Ombudsman: Bukan Ganjil Genap, yang Diperlukan Pembatasan Pegawai di Instansi Pemerintah
loading...
A
A
A
JAKARTA - Ombudsman Republik Indonesia Perwakilan Jakarta Raya (Ombudsman Jakarta Raya) mempertanyakan alasan Dinas Perhubungan (Dishub) DKI Jakarta memberlakukan ganjil genap mulai Senin, 3 Agustus 2020. Pemberlakuan ganjil genap di tengah kenaikan angka Covid yang terus naik di Jakarta merupakan keputusan yang tergesa-gesa dan tidak memiliki perspektif yang utuh tentang kebencanaan.
Kepala Perwakilan Ombudsman Jakarta Raya, Teguh P. Nugroho mengatakan, penyelesaian kemacetan di Jakarta selama masa PSBB transisi I dan II harus berangkat dari akar masalahnya.

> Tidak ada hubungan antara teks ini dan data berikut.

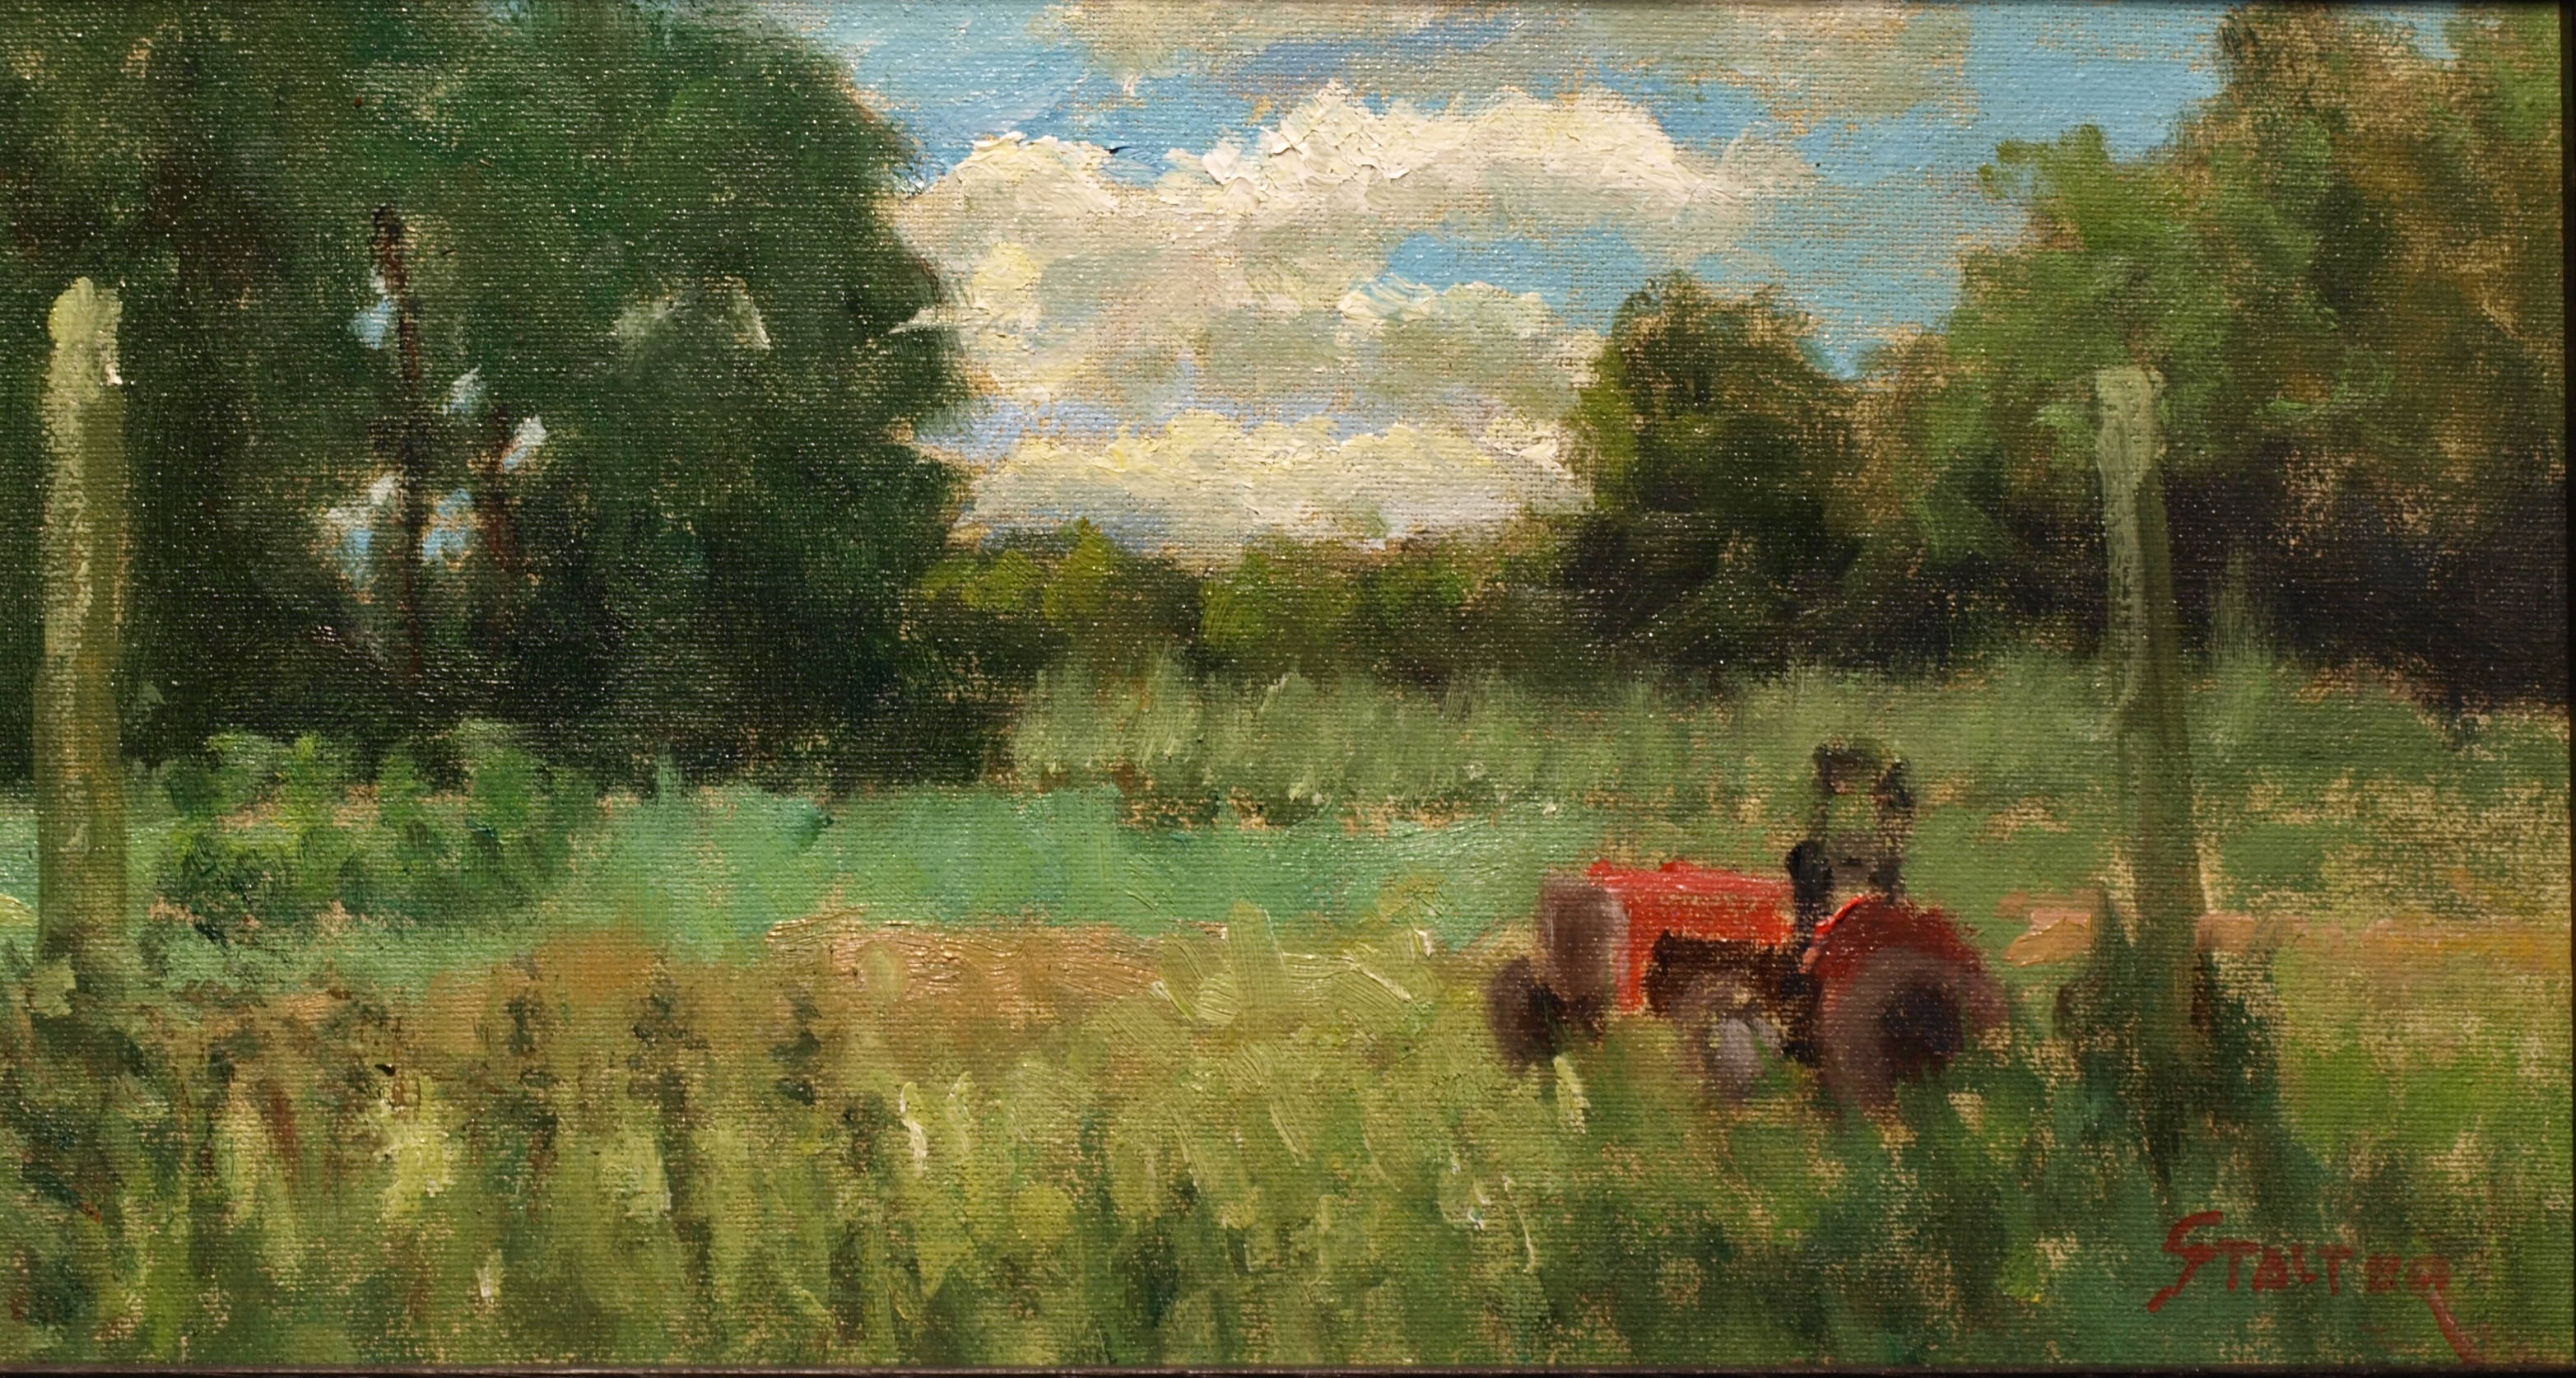 Megan's Tractor, Oil on Canvas on Panel, 8 x 14 Inches, by Richard Stalter, $225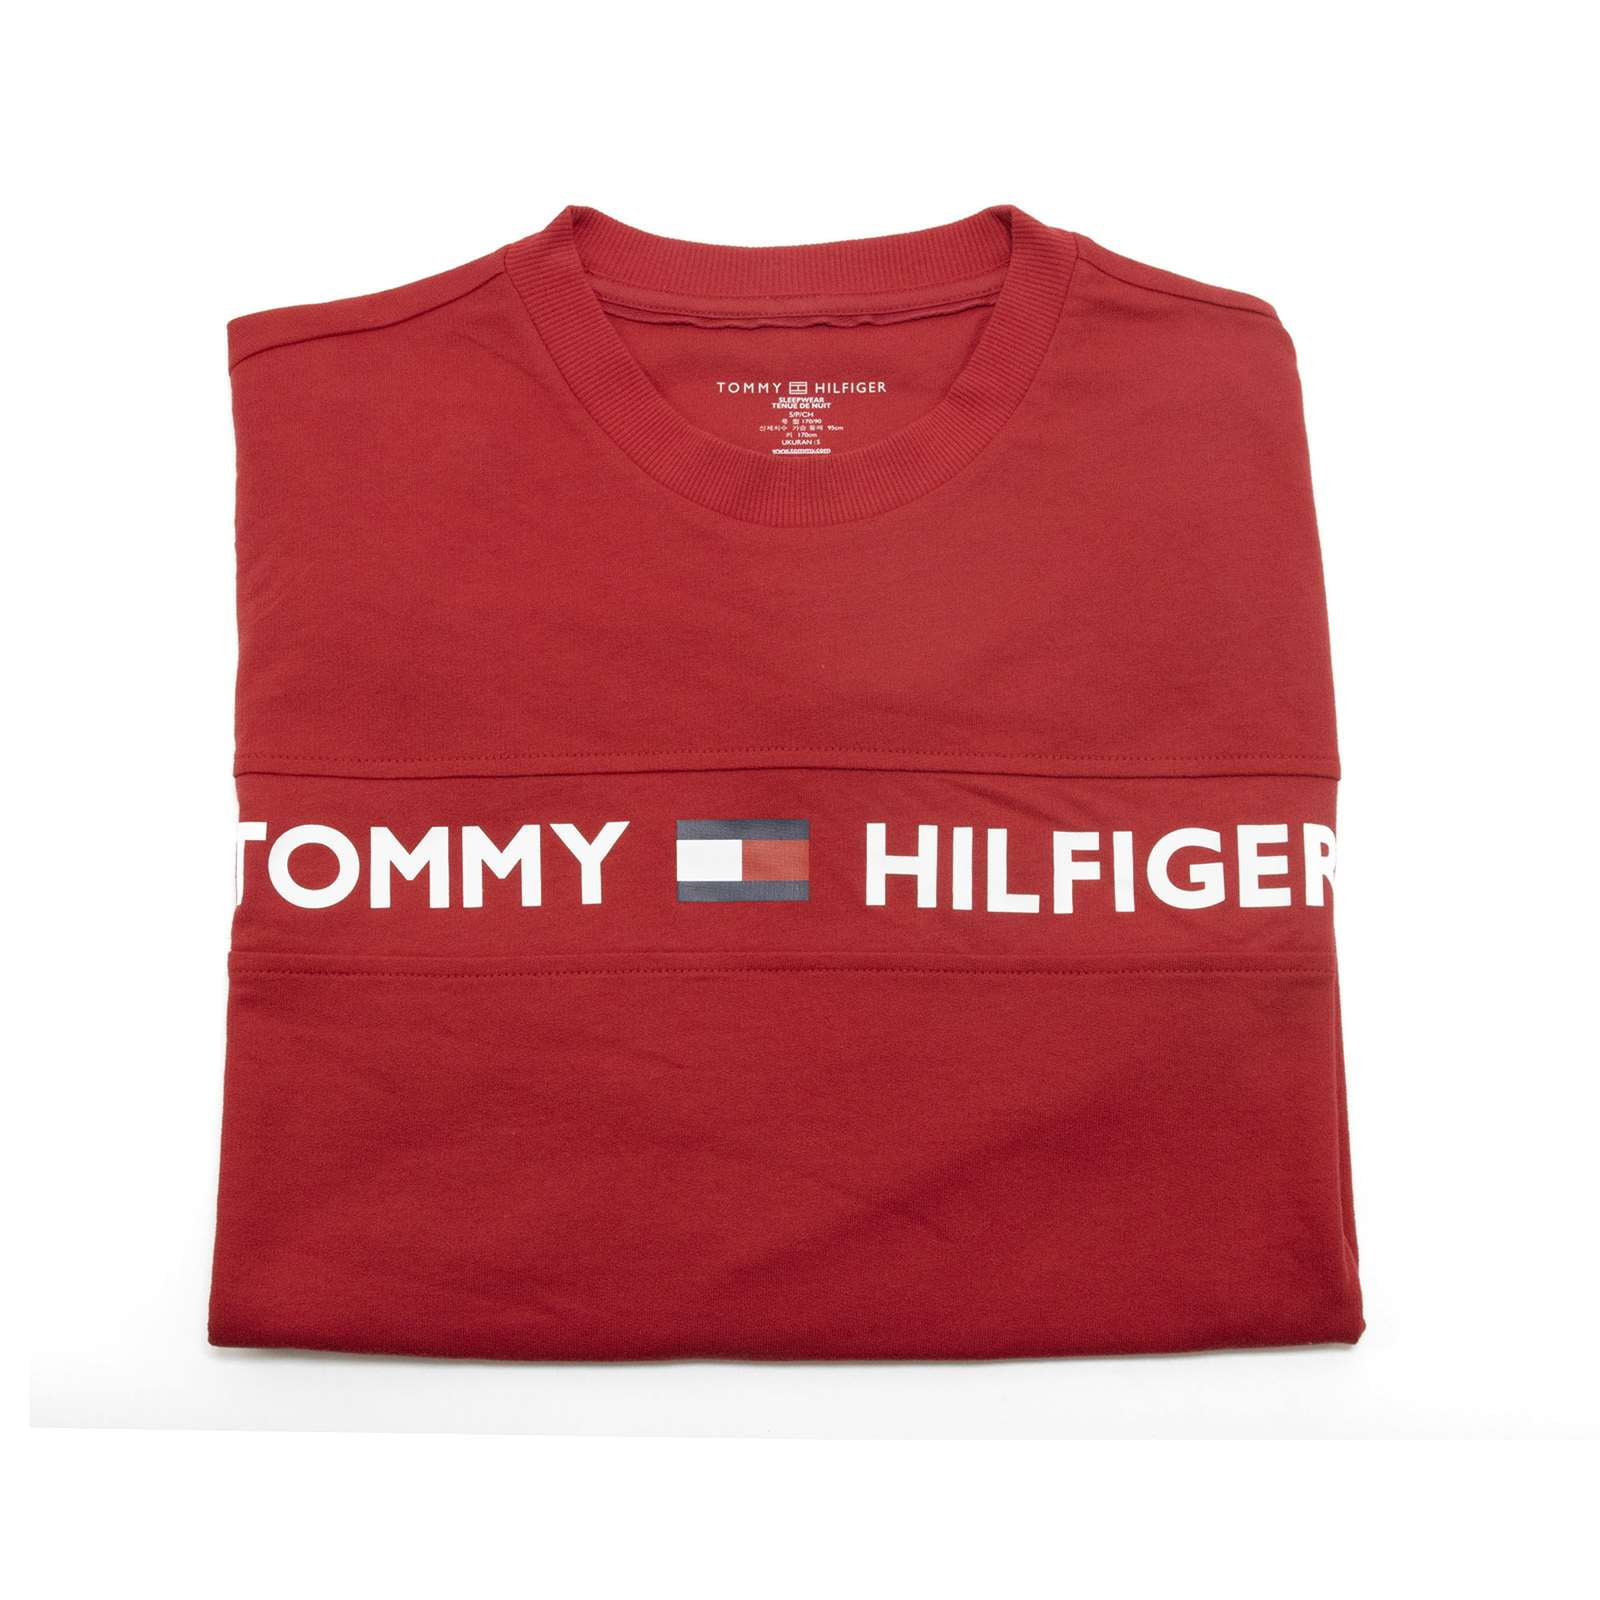 Tommy Hilfiger T-shirt Brand New 2019 in 3 colors FATHER'S DAY GIFT

Ombudsman Jakarta Raya menengarai tingginya angka pelaju dari wilayah penyangga Jakarta yang menyebabkan kemacetan di jam-jam sibuk dan penumpukan penumpang di transportasi publik khususnya Commuter Line disebabkan oleh ketidakpatuhan instansi pemerintah, BUMN dan BUMD juga perusahaan swasta dalam membatasi jumlah pegawainya yang harus masuk bekerja.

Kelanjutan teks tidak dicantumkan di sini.